Tuesday, December 15, 2020

Lost in Transition

 Yes, I know it's 'translation' but I'm in a transitioning phase of my life and it's been an emotional rollercoaster. Past 3 weeks have been an emotional upheaval to say the least and I guess I entered this phase right after I came back from Goa. Past 3 weeks were just triggering and I have had my longest depressive, anxiety-filled episode.

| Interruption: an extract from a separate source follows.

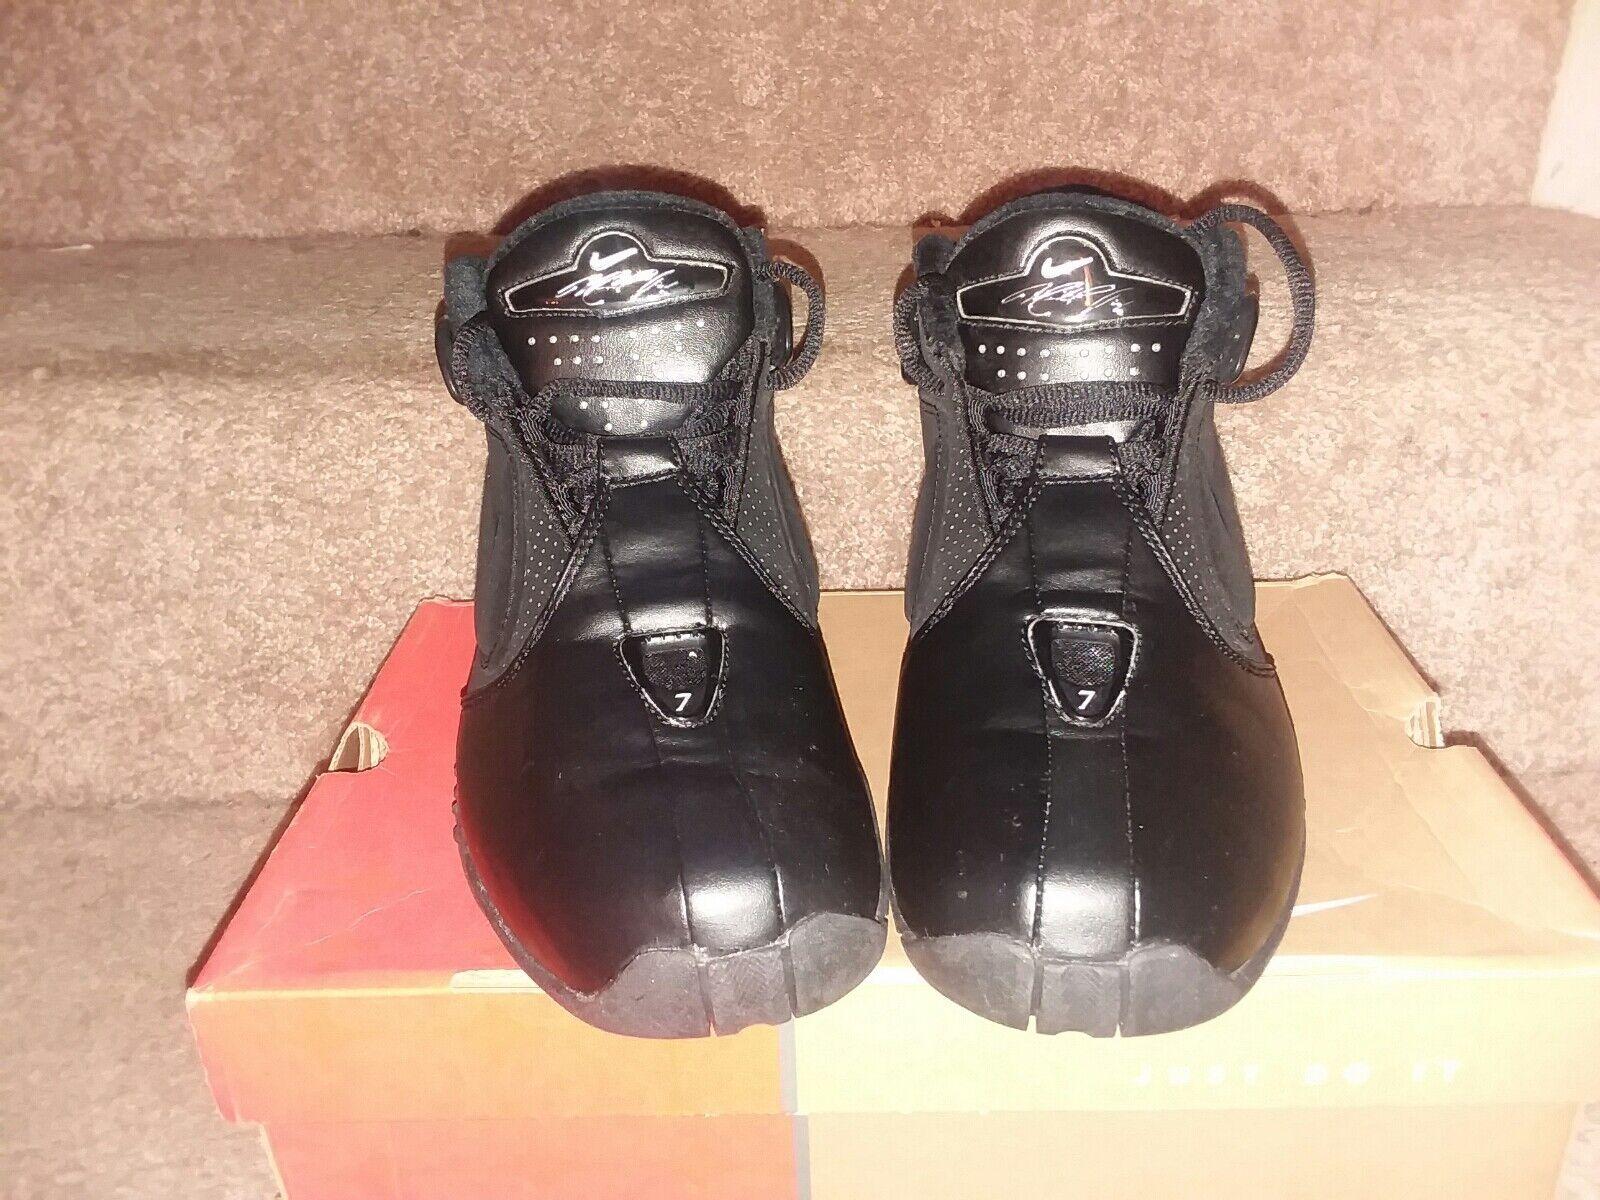 Nike Air Zoom Vick ll OT
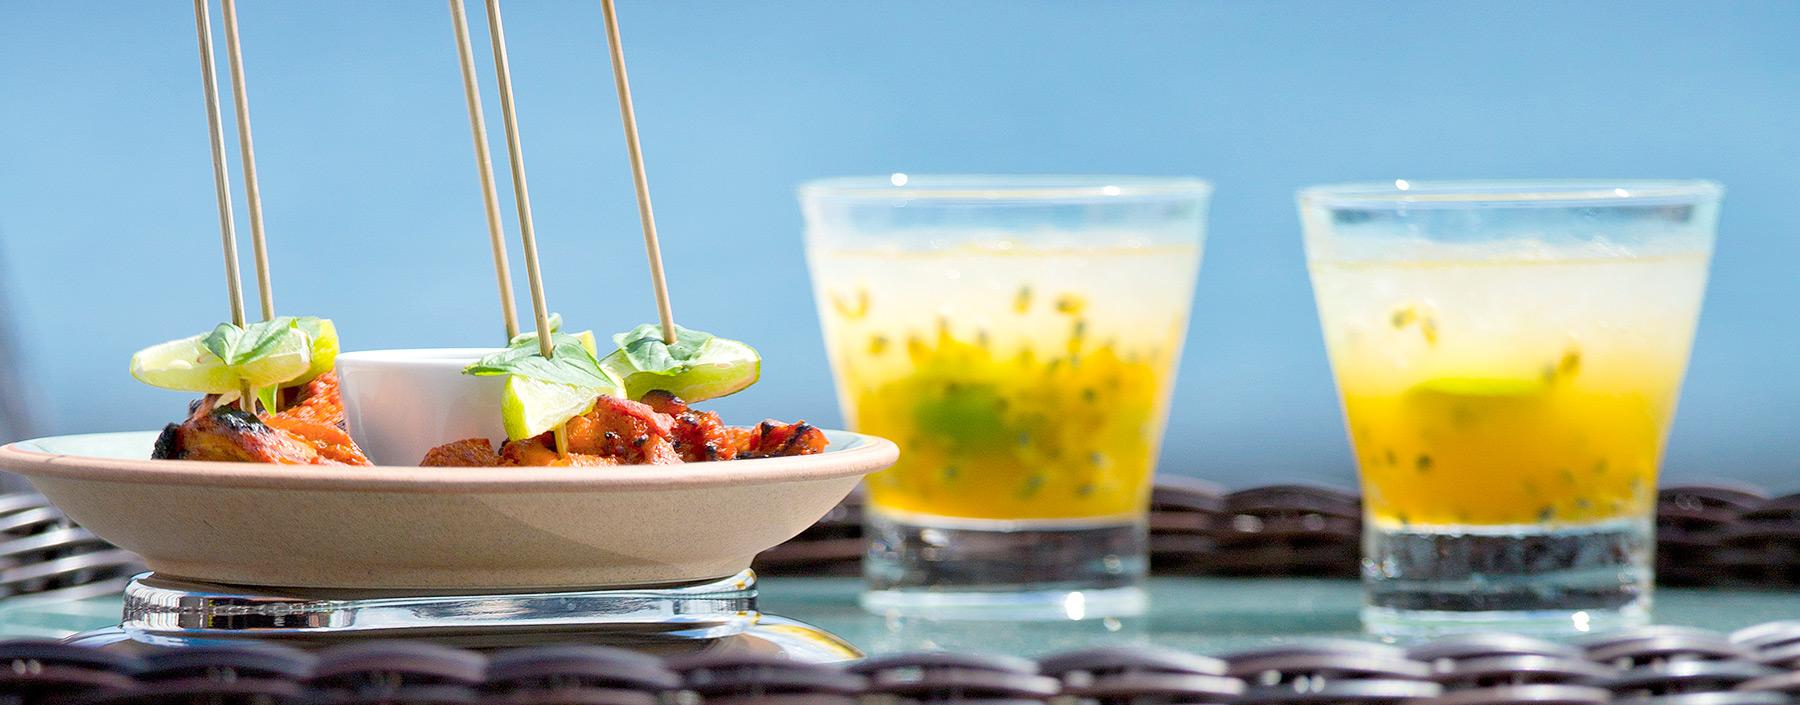 All Inclusive Meal Plans | Kurumba Maldives Resort

Nobody talks about how much anxiety and panic attacks can even physically hurt you. I've been in an unexplained pain, had sleepless nights one after the other, I lost my appetite and the result (I'm looking at it as the silver lining out of this) I actually lost 2kgs! Yay! No? Well.

I also learned some important lessons about myself which now in hindsight i think were important to learn. I'm ridden with insecurity, I think I'm ready to open up and accept whatever comes my way but maybe I'm not. I have analysed my own emotions, the way I react in situations, tested my patience to a whole new level and all the while felt lost and pained. I'm not saying I'm not still lost, but now I tell myself every night before "trying" to sleep that I have to take it one day at a time. 

This is my first time that I have felt something so hard and for so long, made me question my own sanity but good I went through this. I'm still trying to process my feelings, but there are qualities in me which can be toxic if I behave selfish and maybe it's time I started working on that instead of looking for something or someone to make me feel whole. Also, I guess time for professional help but for that too I need to prepare myself to really be vulnerable but strong  enough to bring a change.

I hope and pray my next phase goes easy on me and I accept it as a whole new me. But, one day at a time.

To quote my favourite character from my favourite movie, "bas Babaji ab iss 2020 ko boring bana do!"